51      I am satisfied that the plaintiff was involved in a work incident which, to this plaintiff, resulted in him experiencing symptoms of a physical nature.  The consequences of his low back injury have impacted upon his life as he knew it before the work accident.  He has suffered for almost ten years and the medical evidence is guarded as to the future.  I accept that the plaintiff’s low back injury is permanent.  Given the plaintiff’s age of thirty-three, I consider that important.  I take into account that the plaintiff is stoical.

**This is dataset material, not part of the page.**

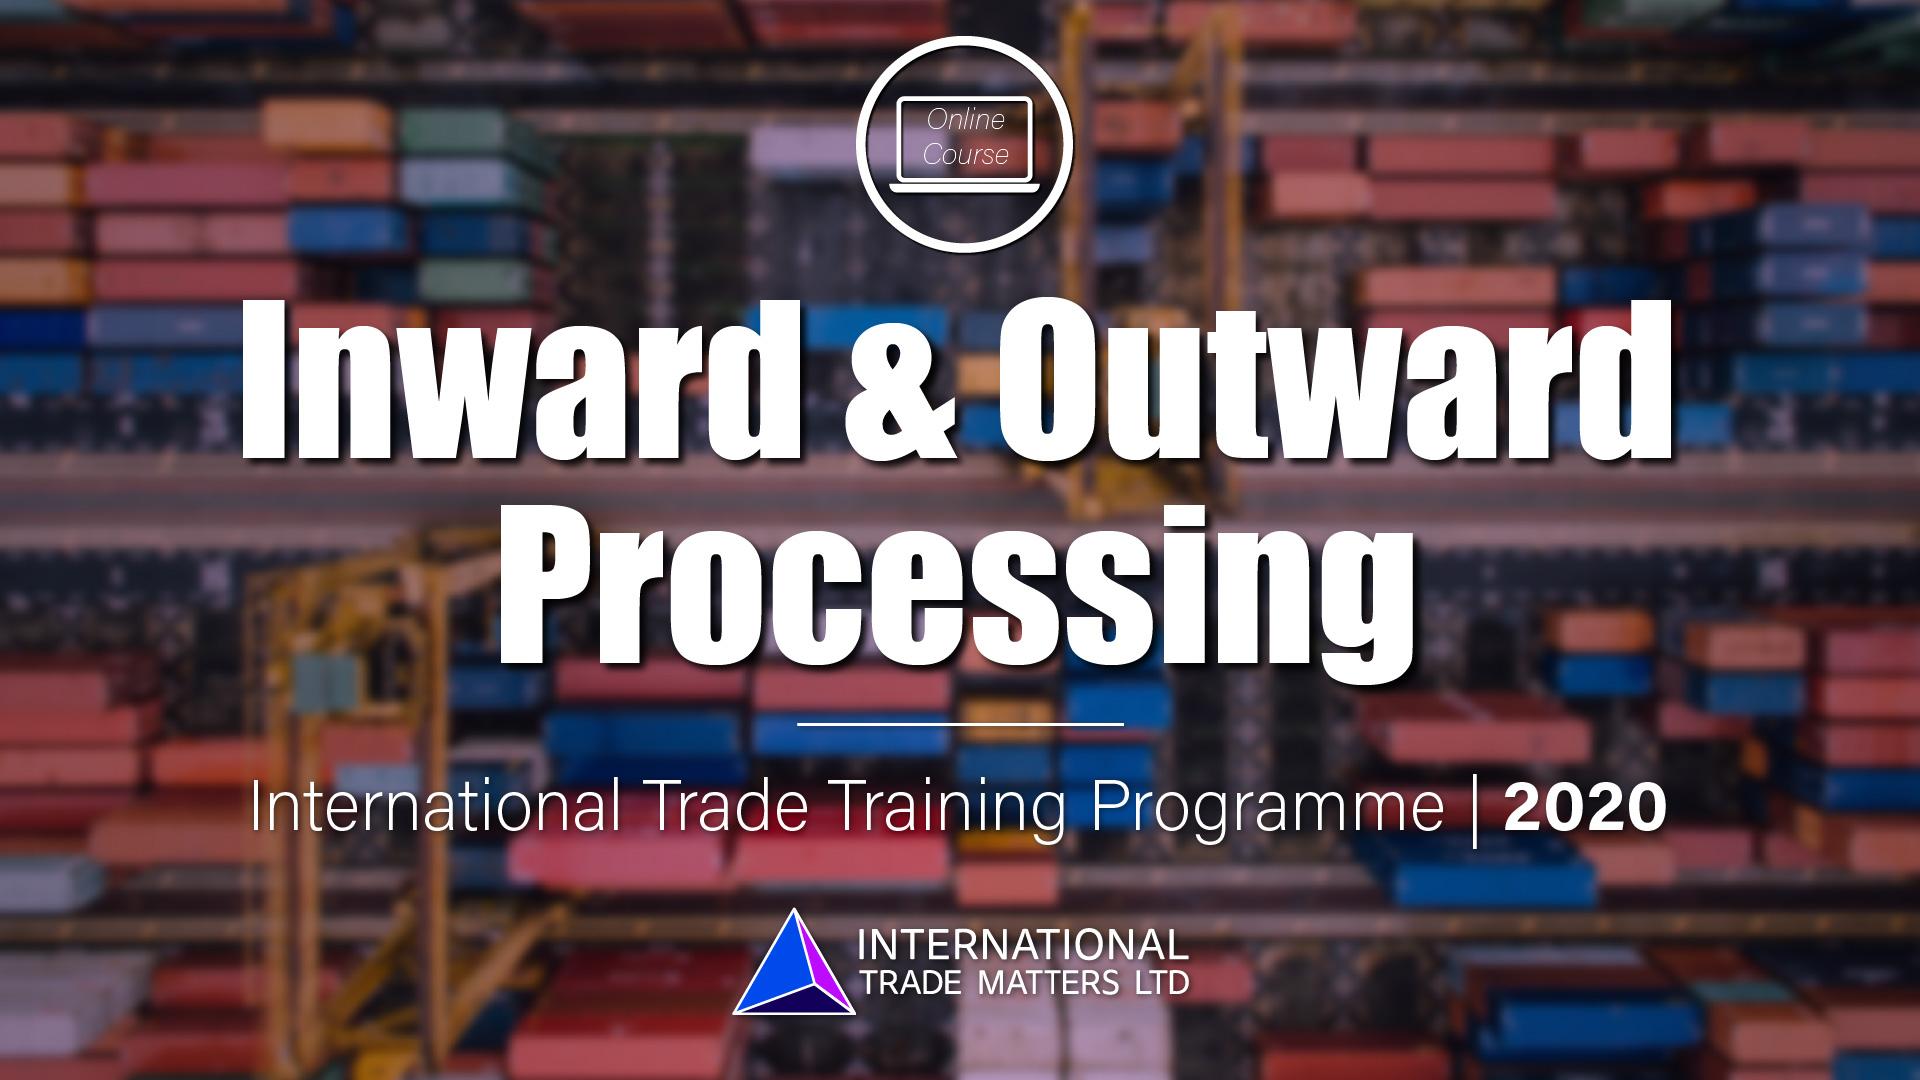 Inward & Outward Processing Course

52      For the foregoing reasons, I am satisfied the plaintiff has established that the consequences to him of his impairment can reasonably be described as being “serious”.  In my experience, the consequences to the plaintiff may measure up well against other serious injury applications where plaintiffs have been successful.  In considering the consequences, I have not treated each consequence as equal, but rather attributed appropriate weight to each consequence in light of the evidence.

53      I accept the low back injury has consequences to the plaintiff that, when judged by comparison with other cases in the range of possible impairments, may be fairly described at the date of hearing as “at least very considerable” and certainly “more than significant or marked”.[29]  In making this assessment, I have looked at the consequences of the low back injury alone.

[29]Humphries & Anor v Poljak [1992] 2 VR 129

54      Accordingly, I propose to grant leave to the plaintiff to bring proceedings to recover damages for pain and suffering as a result of the injury suffered in the work accident.

55      I will hear the parties on costs.